NASA Earth banner

Mission Earth, not Mars

Population Matters Director Robin Maynard challenges Elon Musk’s claim that the “real issue” is not overpopulation but an “ageing and declining population”.

Few would question Elon Musk’s extraordinary achievements as a visionary thinker and entrepreneur: enabling rapid, secure online payment technology, transforming electric vehicles into attractive supercars with mass-market appeal, and pioneering space travel outside of government control. In a recent tweet, coinciding with the publication of the latest statistics from the UN’s Population Division, Musk blasts off into the sphere of ongoing human population growth, downplaying its impacts upon our currently still living, green and biodiverse planet (compared to the red, dead, distant and deadly one, Mars, that Musk is so preoccupied with).

The UN projects that the global human population will increase by a further 2 billion over the next 30 years to 9.7 billion, possibly peaking at just under 11 billion by the end of the century. Those are the median figures – the UN’s 95% certainty estimates give a range of a low of 9.4 billion people on our planet by 2100 and a high of 12.7 billion. A difference of over 3 billion people. Other UN projections in the series offer an even greater disparity between high and low projections, depending on a range of factors.

Contrasting to those projections, Musk cites a 2012 article by the highly-respected scientist Jorgen Randers, co-author of the seminal 1972 report Limits to Growth, to support Musk’s view that an “ageing and declining world population” will be the “real issue” by 2050, not overpopulation. This is in direct contradiction to the concerns Randers set out in his article adapted from a lecture given as part of the University of Cambridge’s Sustainable Development series:

“If I could persuade you of one thing, it should be this: the world is small and fragile, and humanity is huge, dangerous and powerful. This is a total reversal of the biblical perspective on humanity, and the way in which man has thought during most of his presence on Earth. But this is the perspective we need to take if we’re to be sure that sustainability emerges or, at least, that the world as we know it survives for a couple of hundred more years.”

Person looking at stars
Person looking at stars

With 7.7 billion people on Earth currently, our planet is already under considerable stress, as accelerating climate change and biodiversity loss demonstrate.
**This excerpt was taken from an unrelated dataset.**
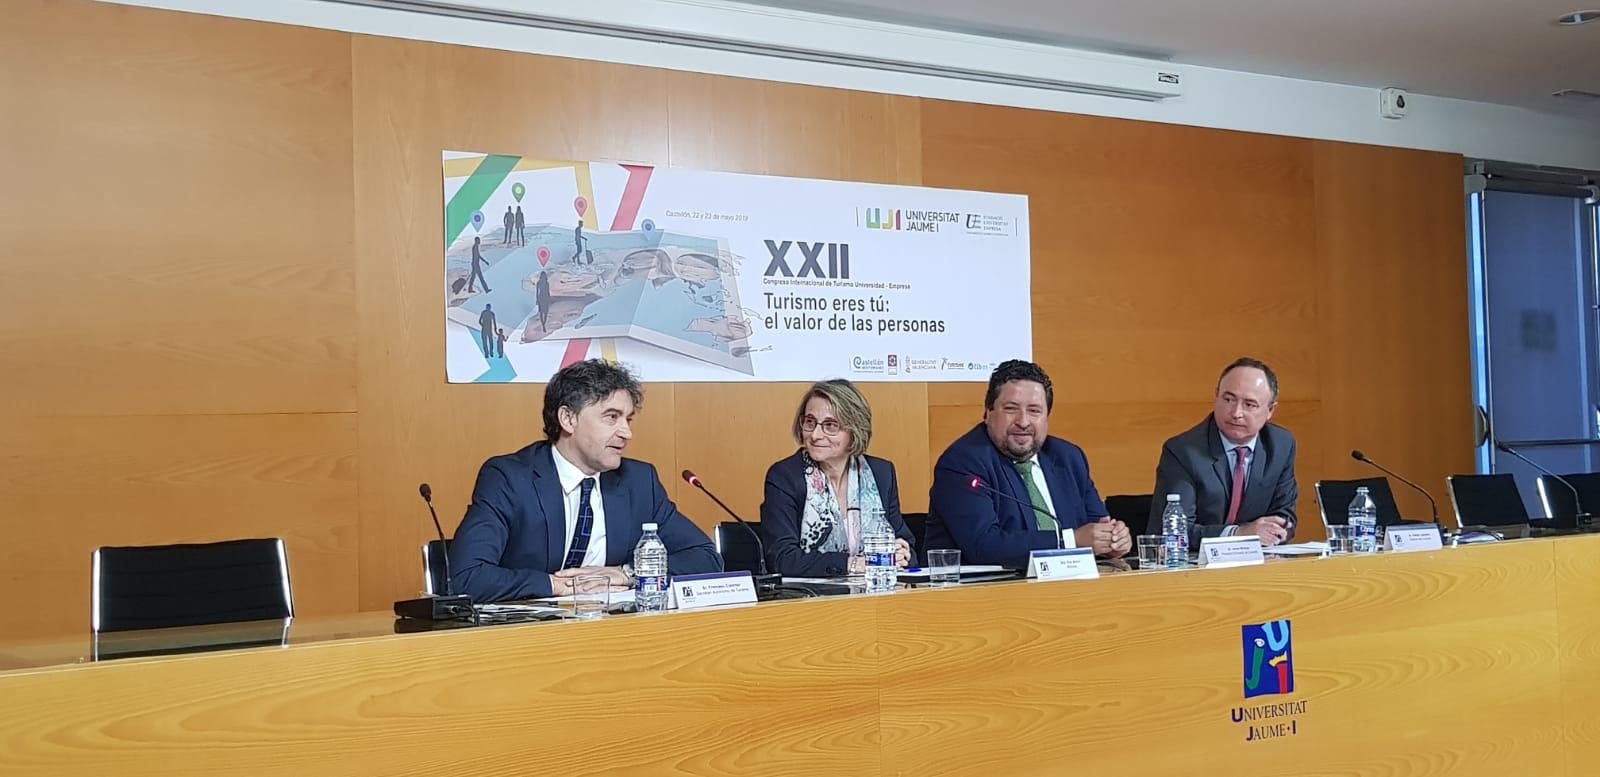 """Colomer destaca """"l""""encert de centrar el Congrés Turisme Universitat-Empresa en la cerca del valor humanista del turisme"""""""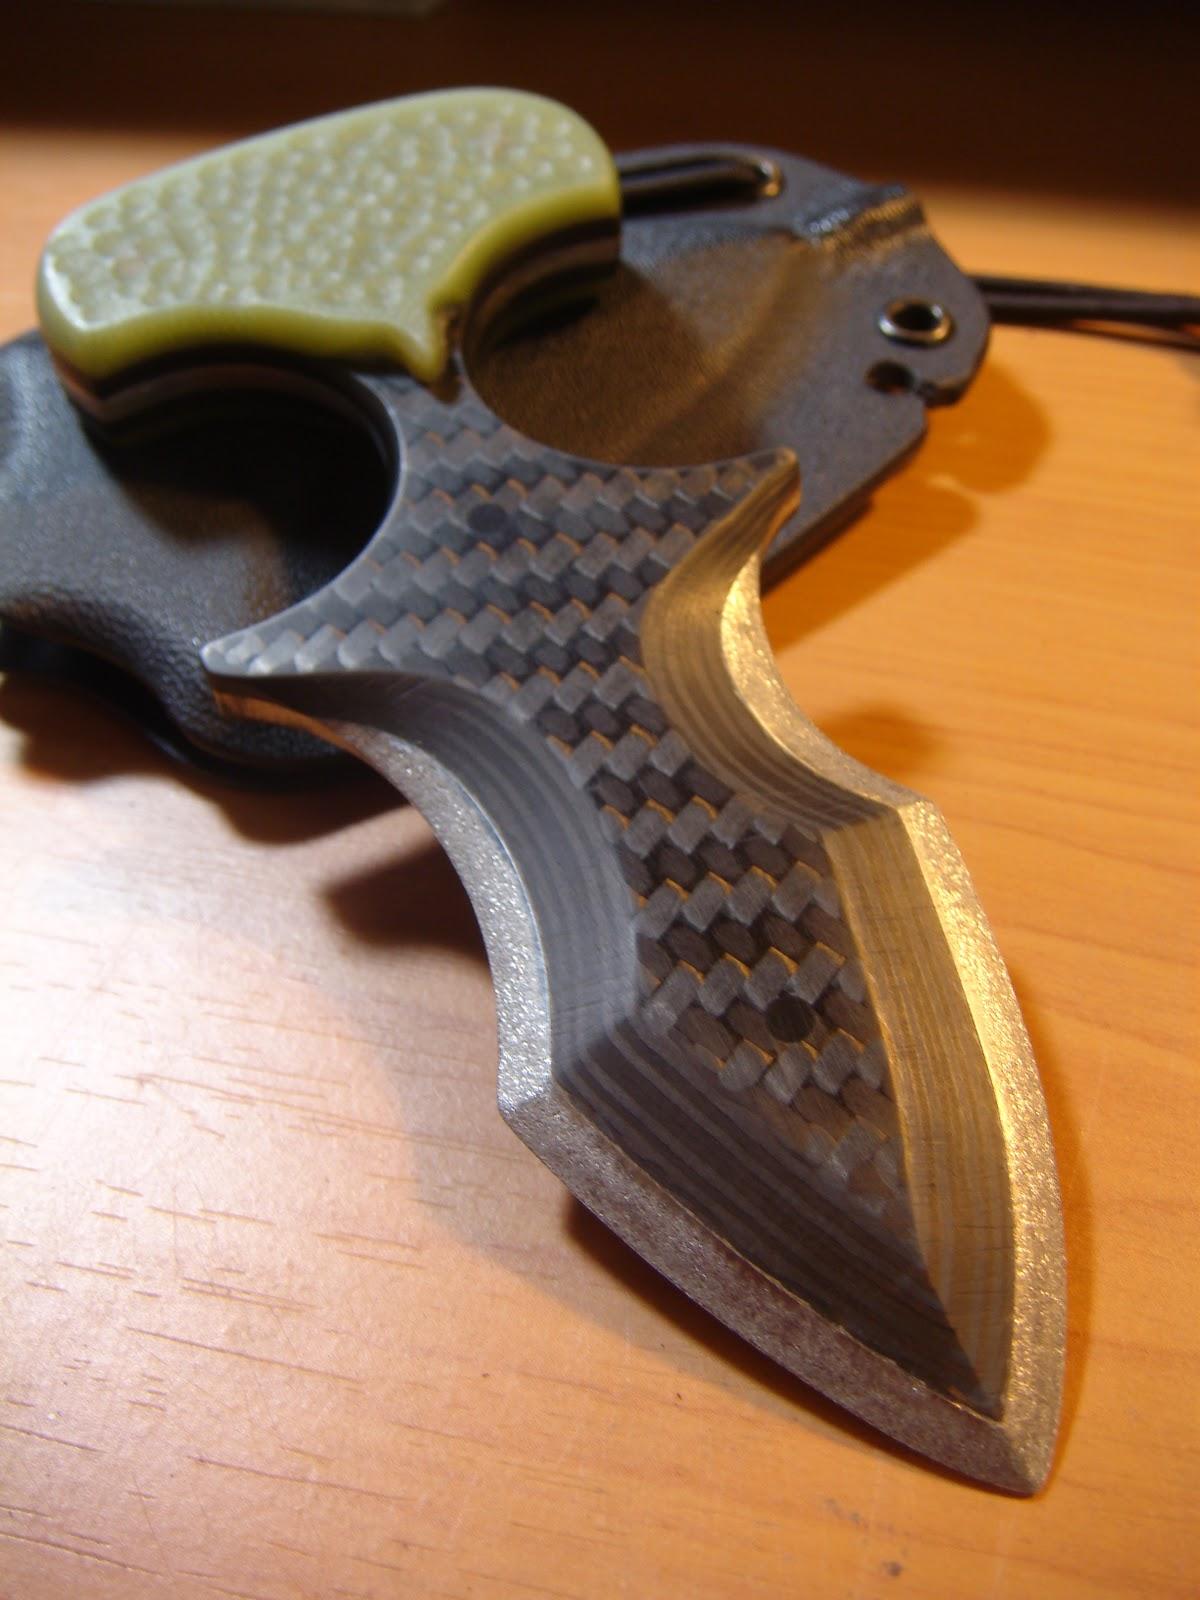 Latest knife design - The Aggressor | Special Cirstances

Although Randers’ population projections differ from the UN ones in that he predicted a peak in 2040 at 8.1 billion people, followed by a decline, he is unequivocal about the ongoing negative effects of human population pressure: “…in 2050, I am afraid there will be no real nature outside parks. Most untouched nature will be inside protected areas. Everything outside will either have been cut down or used for agriculture or urban areas.”

He describes his methodology as being “much less of a scientific activity than the type of scenario analysis I commonly do”, and as “educated guesswork”. But he does not shy away from reaching concrete conclusions and proposing clear personal actions:

“First, have fewer children, and that’s particularly important when you’re rich. My daughter, who is 29 and Norwegian, is the most dangerous animal on the surface of the Earth. She consumes between 10-30 times as many resources and generates 10-30 times as much pollution as an Indian child. So, it’s much more important to have one less rich kid than it is to have 10-30 fewer Indians. I’m serious. Population control in the rich world should be the prime focus.” 

A positive, personal action and choice supported and promoted by Population Matters, but not one apparently acknowledged or adopted by Elon Musk.